"DRAGONFLY"

RAY’S REVIEWS – By Ray Smith

 

 

Life after death is the mystery of mysteries.

Dr. Joe Darrow wants to die, every now and then. He’s felt that way ever since his wife, Dr. Emily Darrow, got swept off a mountainside in the Venezuelan jungle. She was huddled in a crowded school bus with her family of Indian and peasant patients as they fled an onslaught of rebels.

Joe didn’t want her to go there in the first place. It’s no place for a woman, much less a pregnant one.

Now she’s gone forever.

Well, sort of.

Joe can’t forget her, of course, and in many strange and mysterious ways, she won’t let him. In Joe’s mind, you live, you die and that’s it. Mainly, he believes in the here and now, period.

On top of that, Joe cannot grieve. Someone tries to tell him that, but he won’t listen. Don’t blame him. The loss of a loved one cuts deeply and leaves many scars. That is one of life’s cruel truths. It is taking its toll on this good man.

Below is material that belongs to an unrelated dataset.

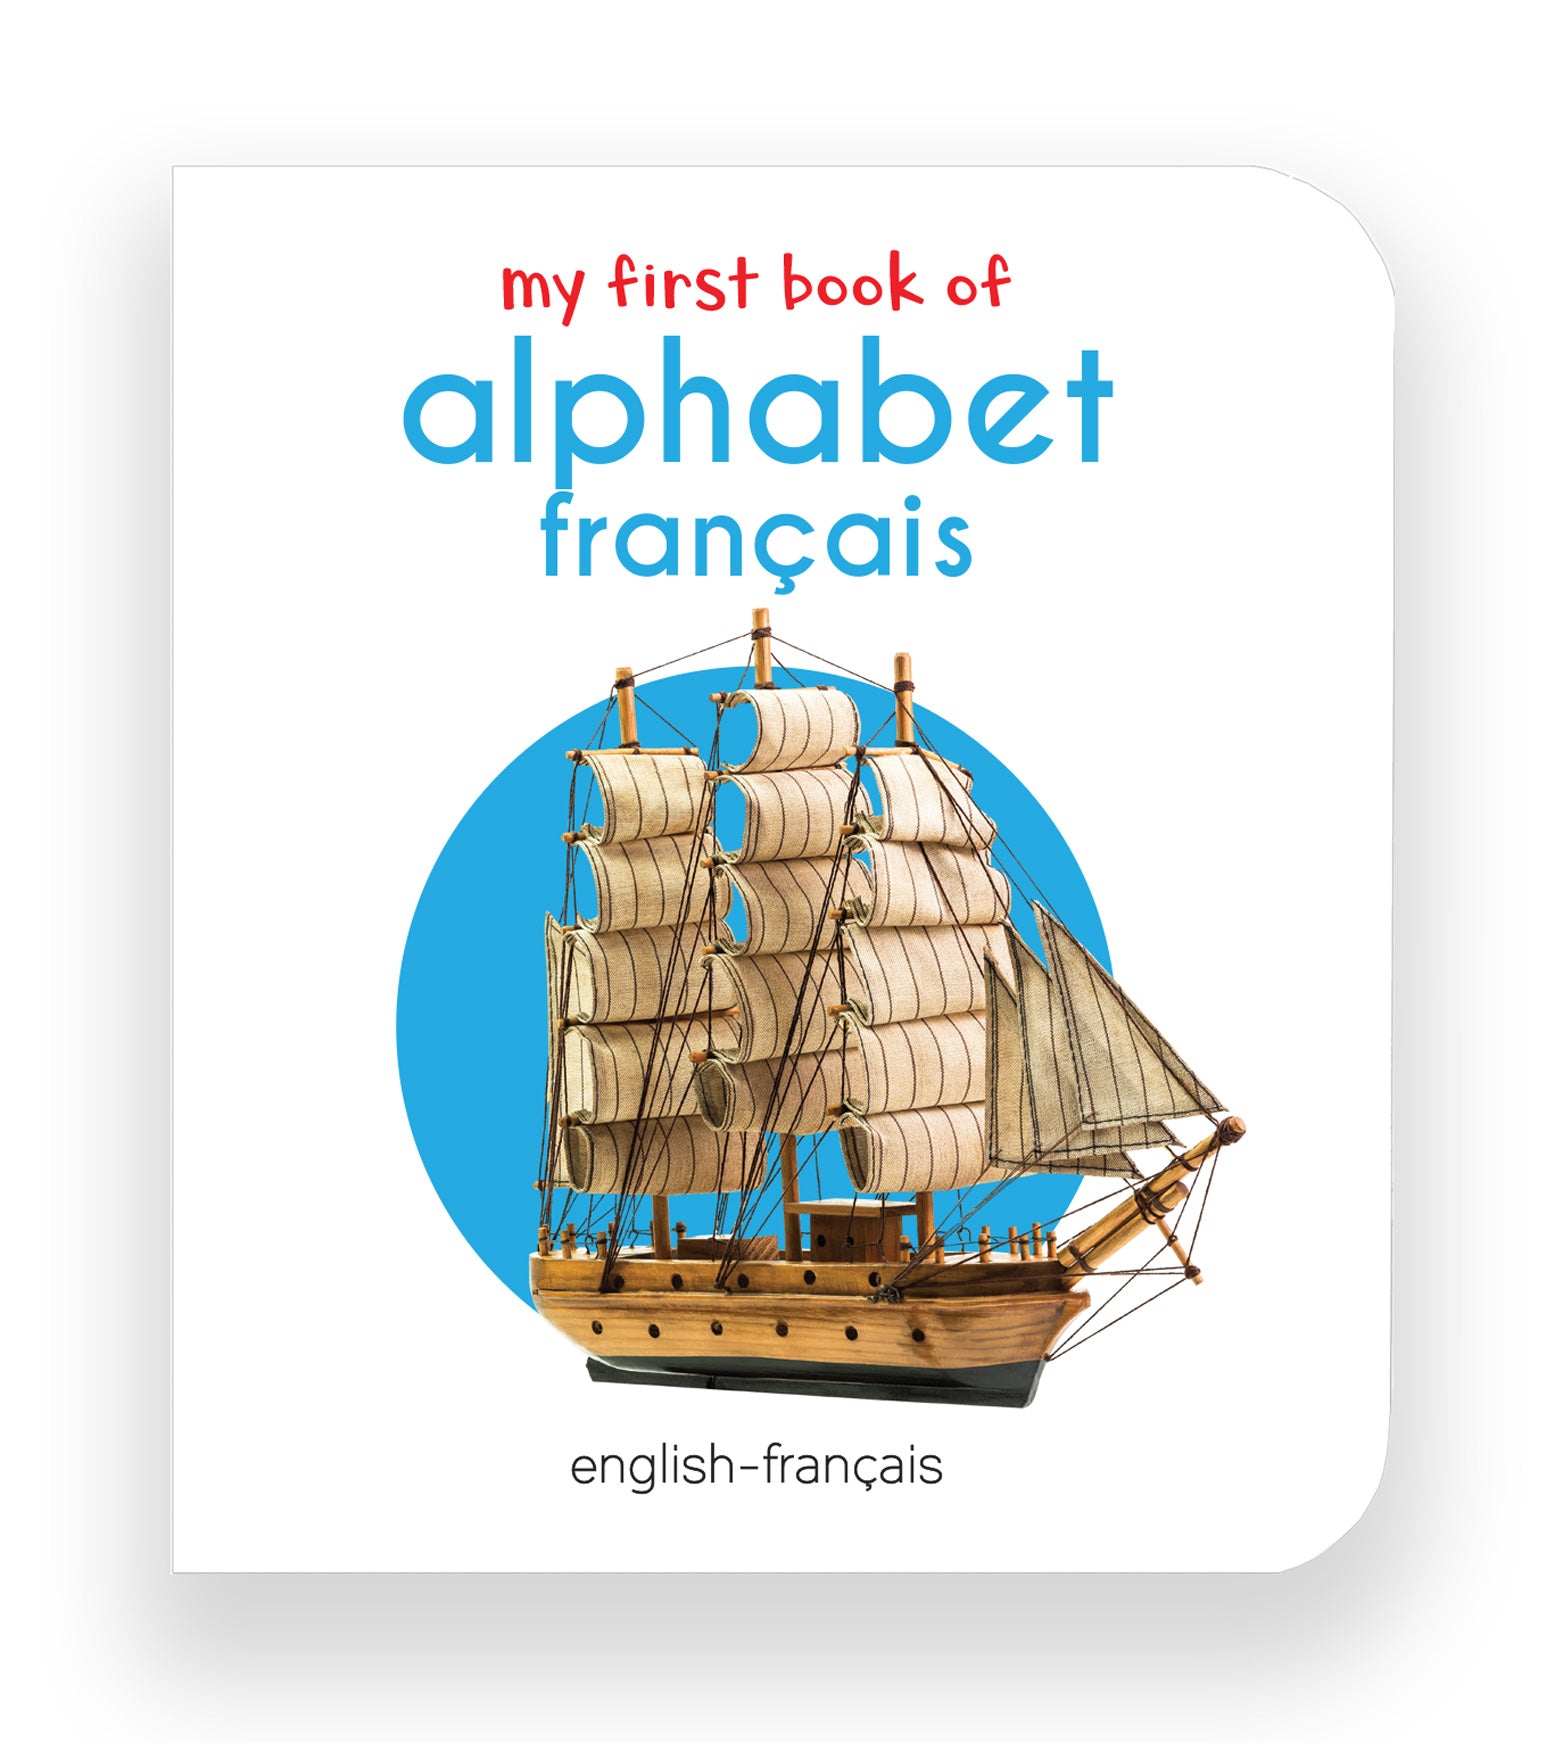 My First Book of Alphabet Franais - Spanish Alphabet: My First English French Board Book (English - Francais)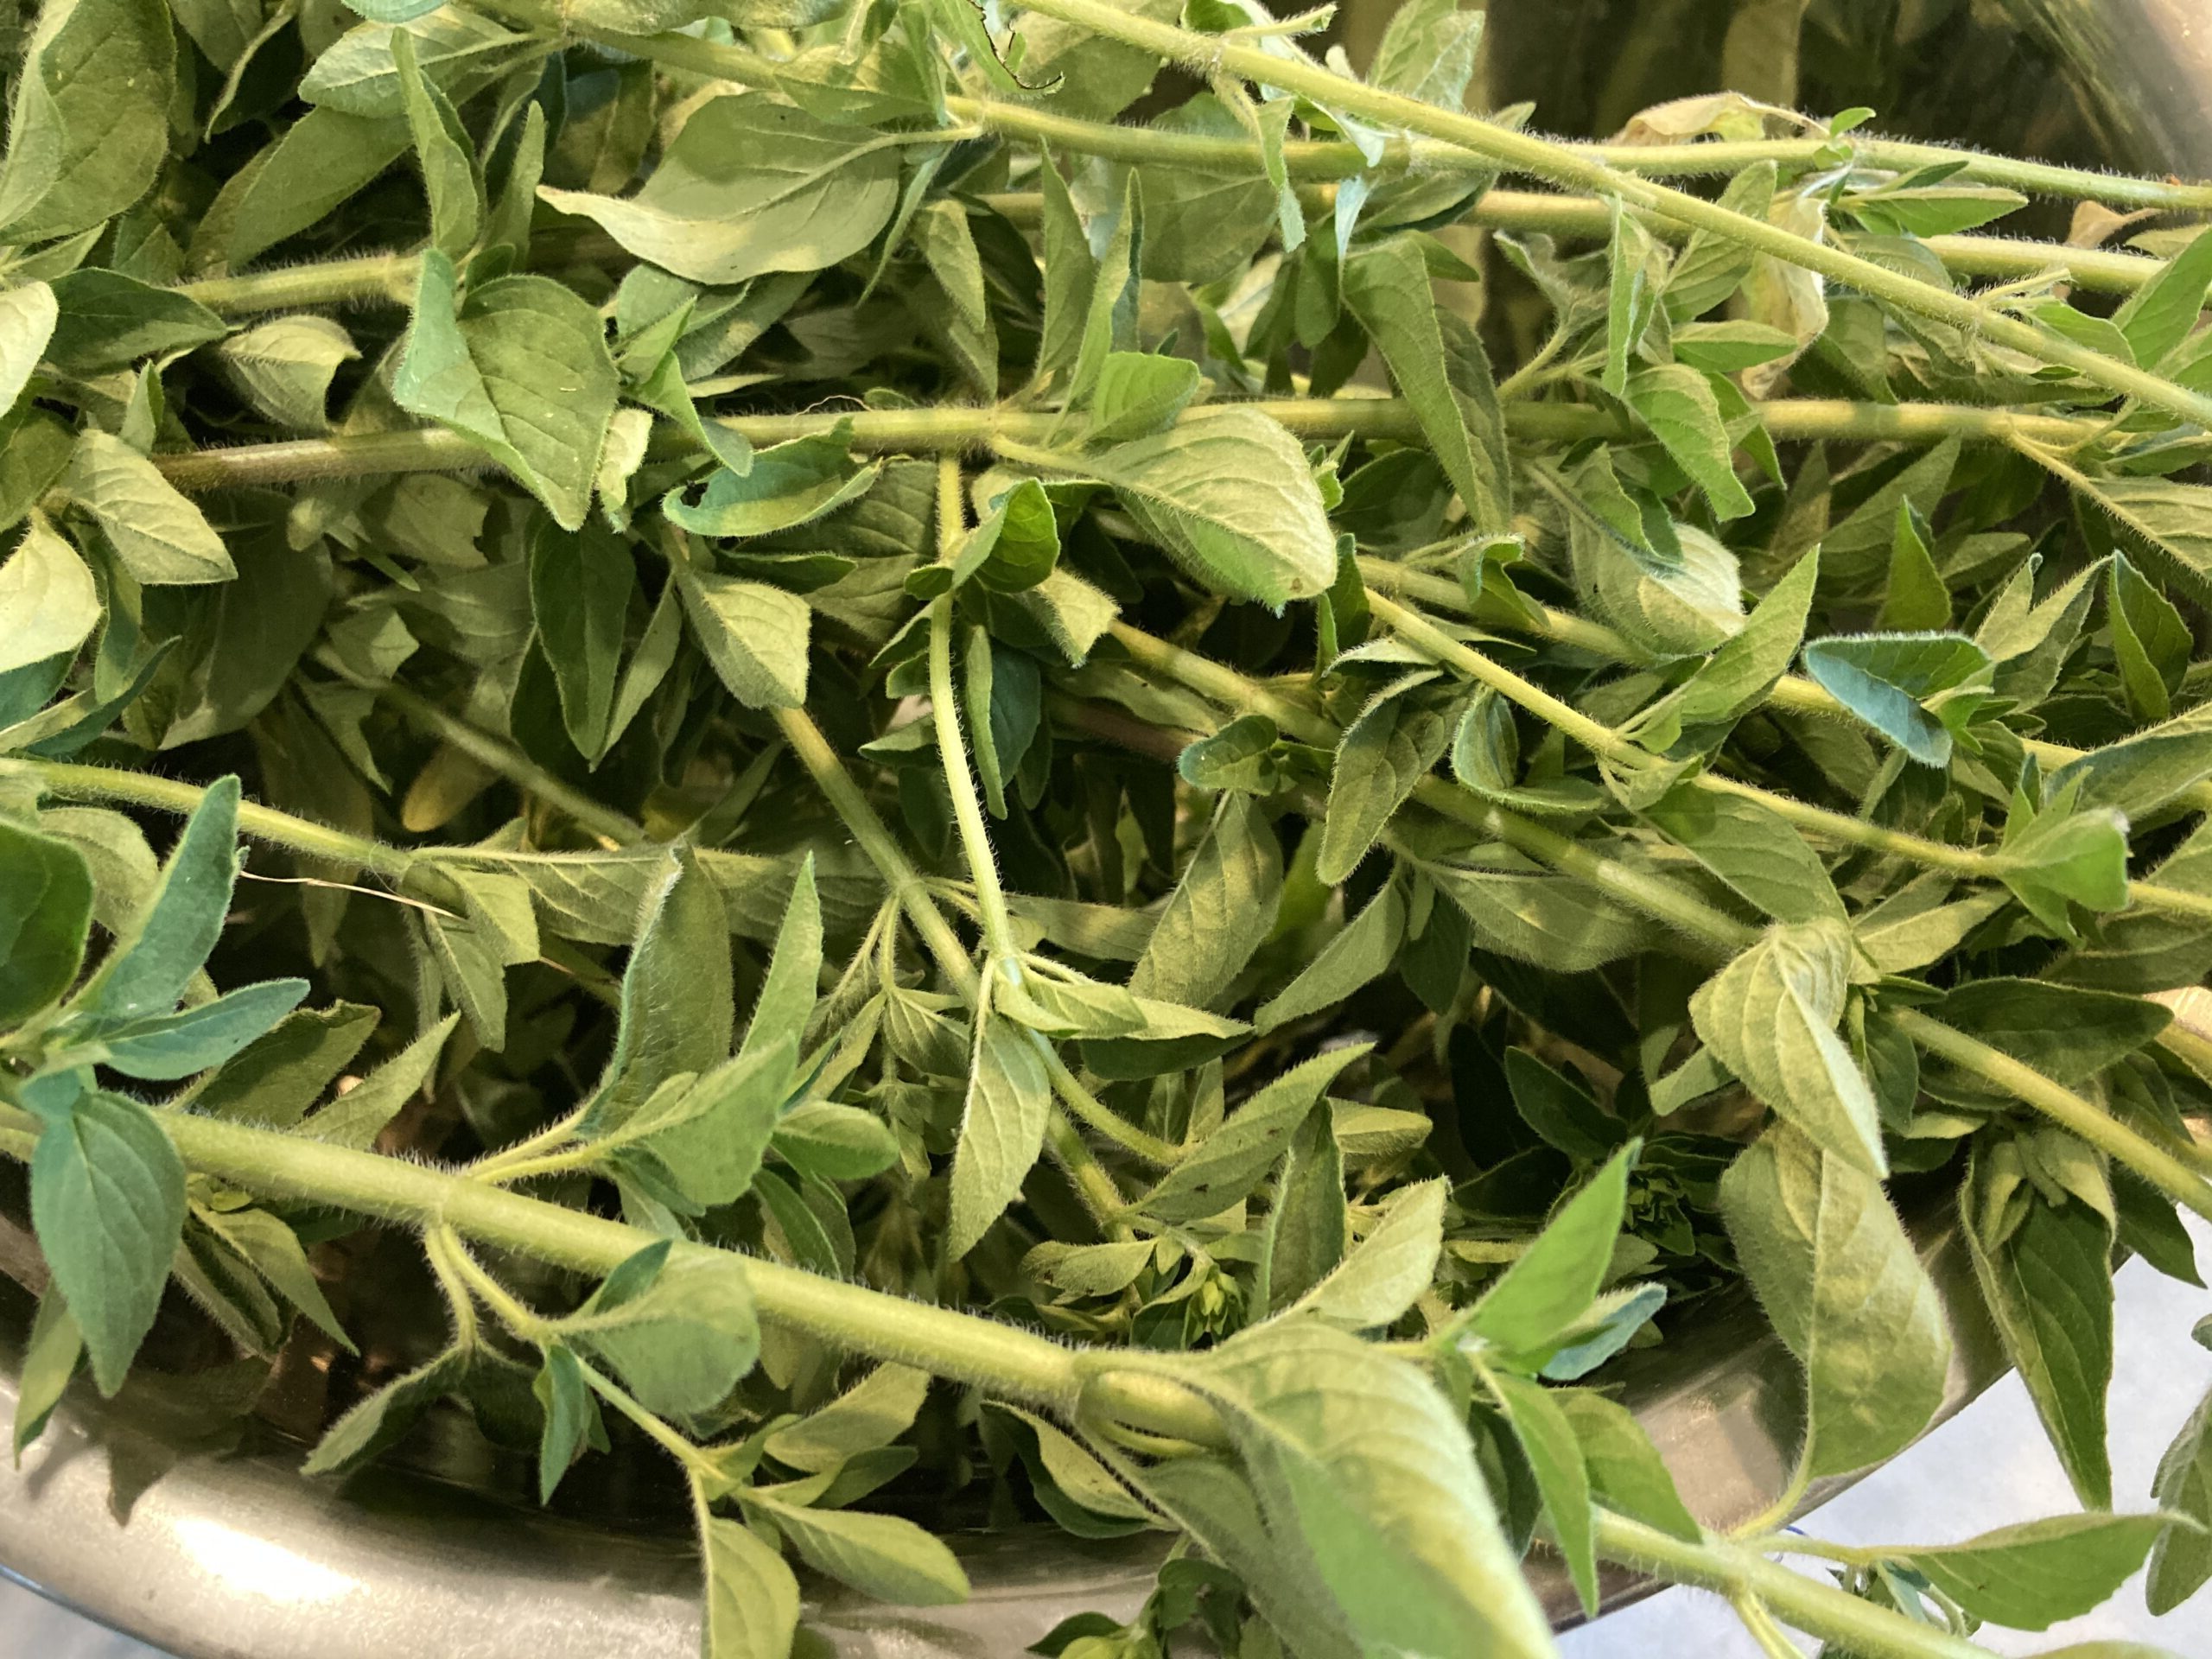 Bowl of freshly picked oregano

There is some support, but not much.

In the good times, before Emily’s misfortune, Joe was the hospital’s magician in the emergency room. None was better. He could save lives with the best of them—maybe because of his firm belief that after life there is nothing. Emily’s specialty was the care and treatment of children with cancer. Before she left, she made Joe promise to look in on "her kids" if anything happened to her.

Joe keeps his promise. That’s when all heaven breaks loose.

He becomes convinced, through signs, through hearing about the sick kids’ near death experiences and through his gut feelings, that Emily is desperately trying to contact him.

The hospital administrator—a special kind of jerk—wants him gone, at least for a sabbatical.

His associates think he’s lost it.

His faithful neighbor, Miriam, thinks he’d better let go and get on with life.

Emily, it seems, has other plans. That’s were this fascinating movie test one’s faith and one’s own fascination with the hereafter.

Kevin Costner is Joe Darrow and Suzanne Thompson is creditable as his fast disappearing wife, Emily. It would be great to have gotten to know her better. If "Dragonfly" has a weakness, it is the lack of depth. Why did Joe and Emily become doctors? What drove her from the big city to a jungle practice just as their firstborn was on its way? It would have been nice to know more about such devoted and dedicated people. On the other hand, the story does allow us to imagine whatever it is that makes the characters tick and what drives them. That is never all bad.

Oscar winner Linda Hunt gives an impressive, but brief appearance as Sister Madeline, in trouble with her church for snooping around the cancer ward in search of tales of "near death" experiences. Her church is fine with her research, but not so fine with her sharing of her findings with the press. She does do one very important thing. She sets wheels spinning in Joe Darrow’s head that he never knew he had.

"Dragonfly" is a beautiful little story that will set you thinking and maybe even looking—just like Dr. Joe.

At the end of his search, Joe Darrow sums it up this way—"If you have your belief, then that will get you through."

If you find just a little of the "soul" that he found at the end of his search, then your trip to the theatre surely will have been worth it.